The railway had three passenger coaches. These coaches were built by Hietalahti Shipyard in Helsinki on top of frames and trucks manufactured by Leeds Forge Company in England.

==Freight traffic==
The Jokioinen Railway had a total of about one hundred freight cars. Most of these were manufactured at the end of the 1800s in England and Finland and were in use throughout the time the railway operated, from 1898 to 1974. In 1960 more freight cars were bought from the Loviisa–Vesijärvi railway when it was re-gauged to broad gauge

Freight was the principal traffic on the railway from the very beginning until its closure. Originally the railway was built to serve the needs of the expanding industries in Jokioinen and Forssa. The best year for freight traffic was 1940, during the short peace between the Winter War and the Continuation War, when a total of 90,000 tons of freight was carried on the Railway. The top year for passenger traffic was just after the Wars in 1945, when an annual total of 402,254 passengers was carried on the railway.

==Decline==
In the 1940s, the Jokioinen Railway faced growing competition from increasing road traffic. The war had slowed this competition down, but within 10 years passenger traffic had ended. The last passenger trains were withdrawn on 31 August 1954 and the railway started to use highway buses for its passenger services.
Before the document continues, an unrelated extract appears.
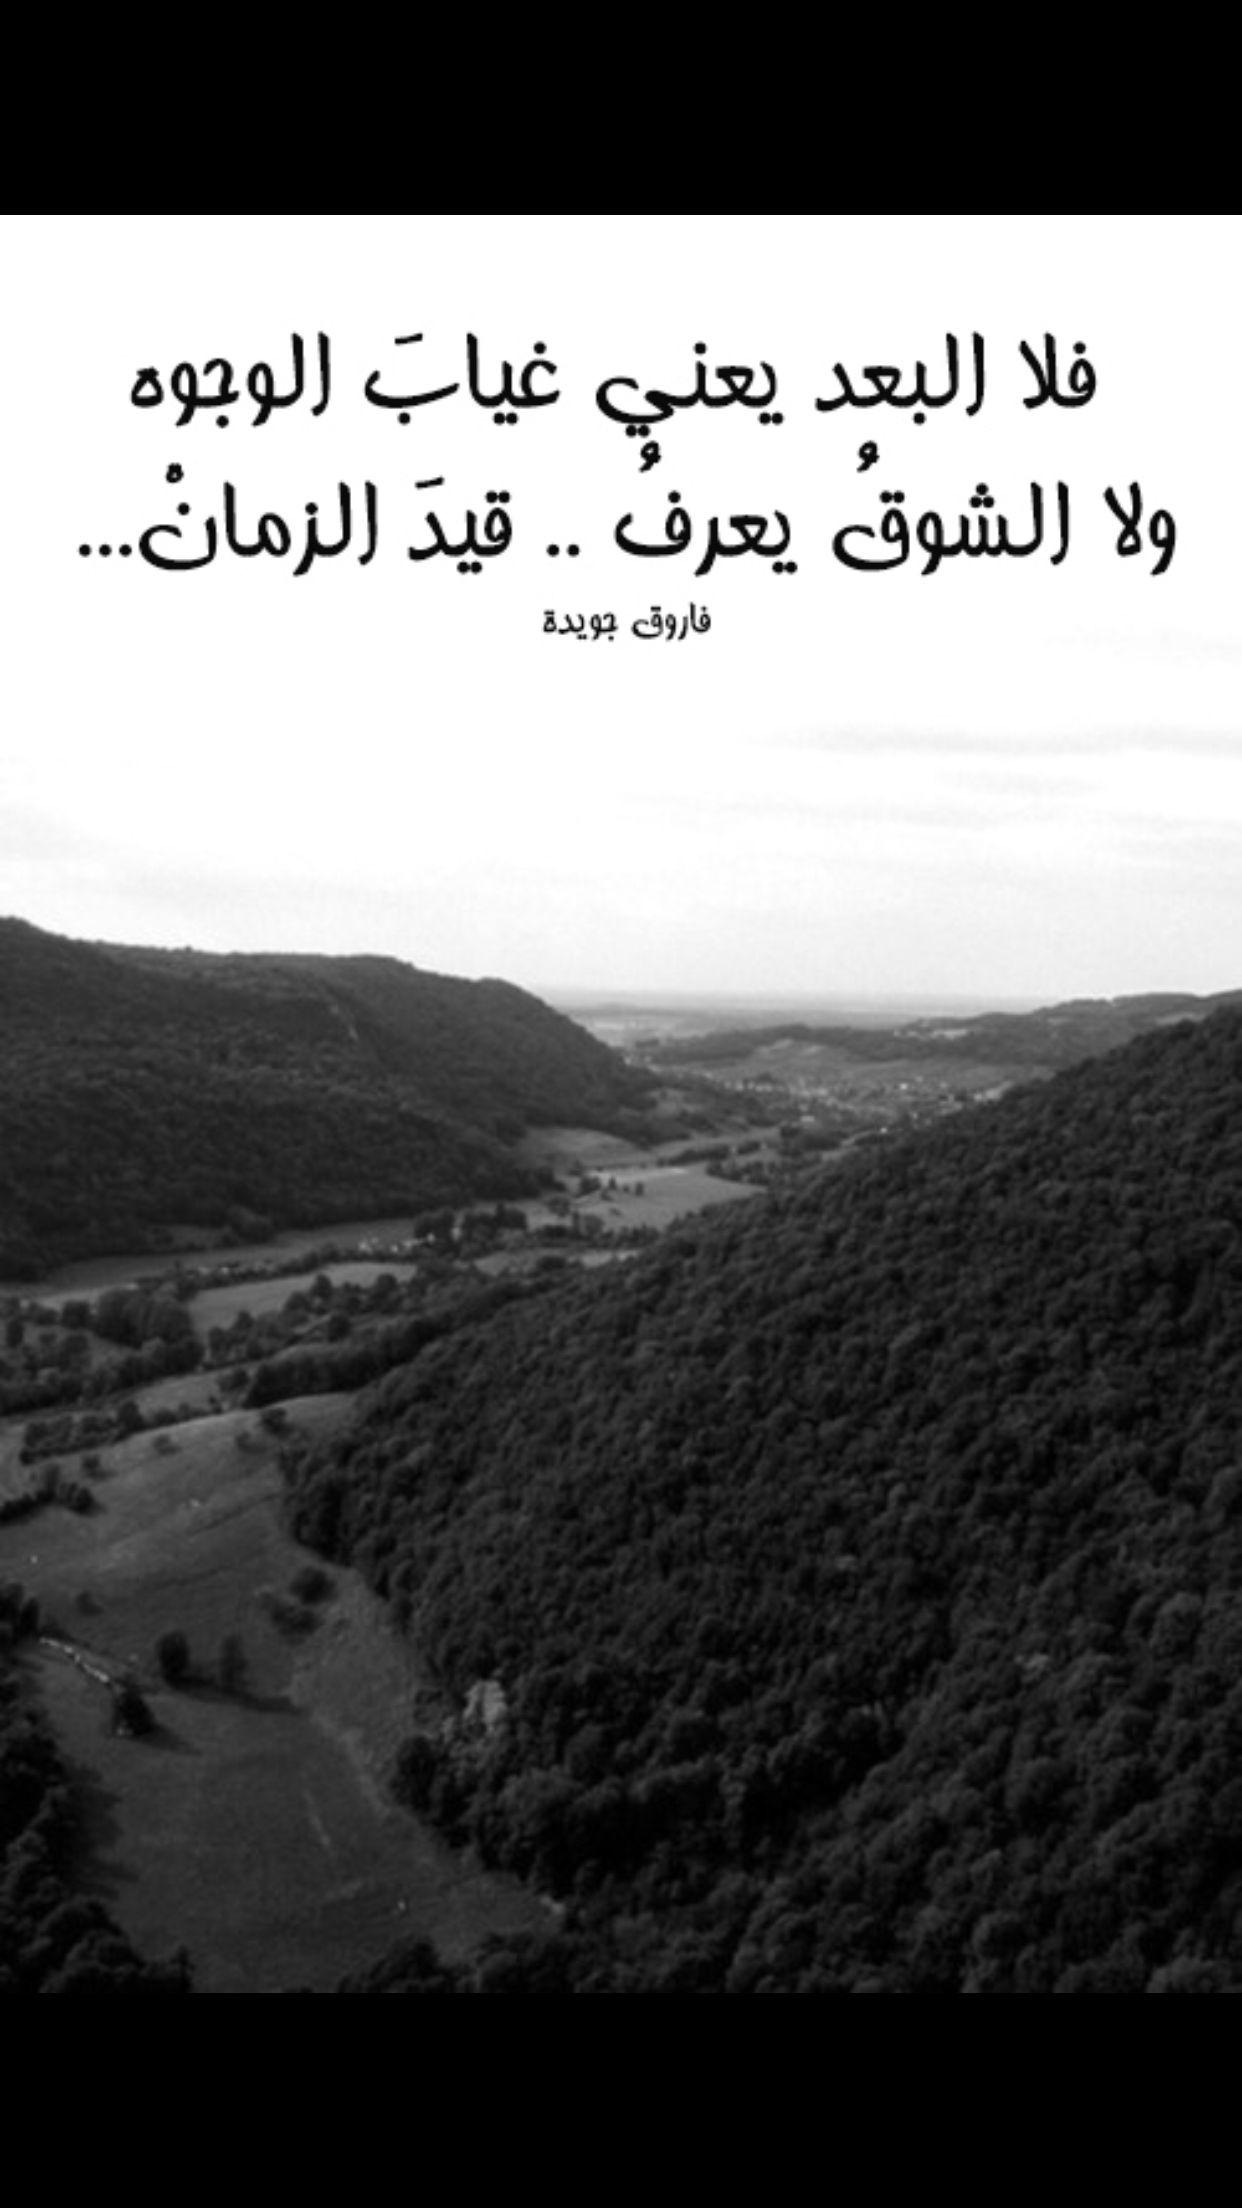 فلا البعد يعني غياب الوجوه ولا الشوق يعرف قيد الزمان فاروق جويده Amazing Quotes Arabic Quotes Quotes

Freight service continued for another 20 years. The Jokioinen Railway used transporter wagons to carry broad (1524 mm) gauge VR freight cars from the 1930s until the end of services on the railway. This avoided the slow and expensive transfer of freight at Humppila and allowed the Jokioinen Railway to stay competitive much longer than other narrow gauge railways in Finland.

By the end of the 1960s, however, the railway began to show signs of old age and wear. The track and the rolling stock were almost all more than 70 years old and large investments would have been needed to compete against the growing automobile and truck use, but the railway's owners were no longer willing to invest any more money in it.

The last revenue freight train of the Jokioinen Railway ran on 29 March 1974. In the same year the section of railway between Forssa and Jokioinen was torn up and in 1975 the line between Minkiö and Humppila was also lifted. The remaining 6 km section from Minkiö to Jokioinen was taken over by the Jokioinen Museum Railway, which opened on 25 August 1978 and has since been extended by rebuilding the line from Minkiö to Humppila.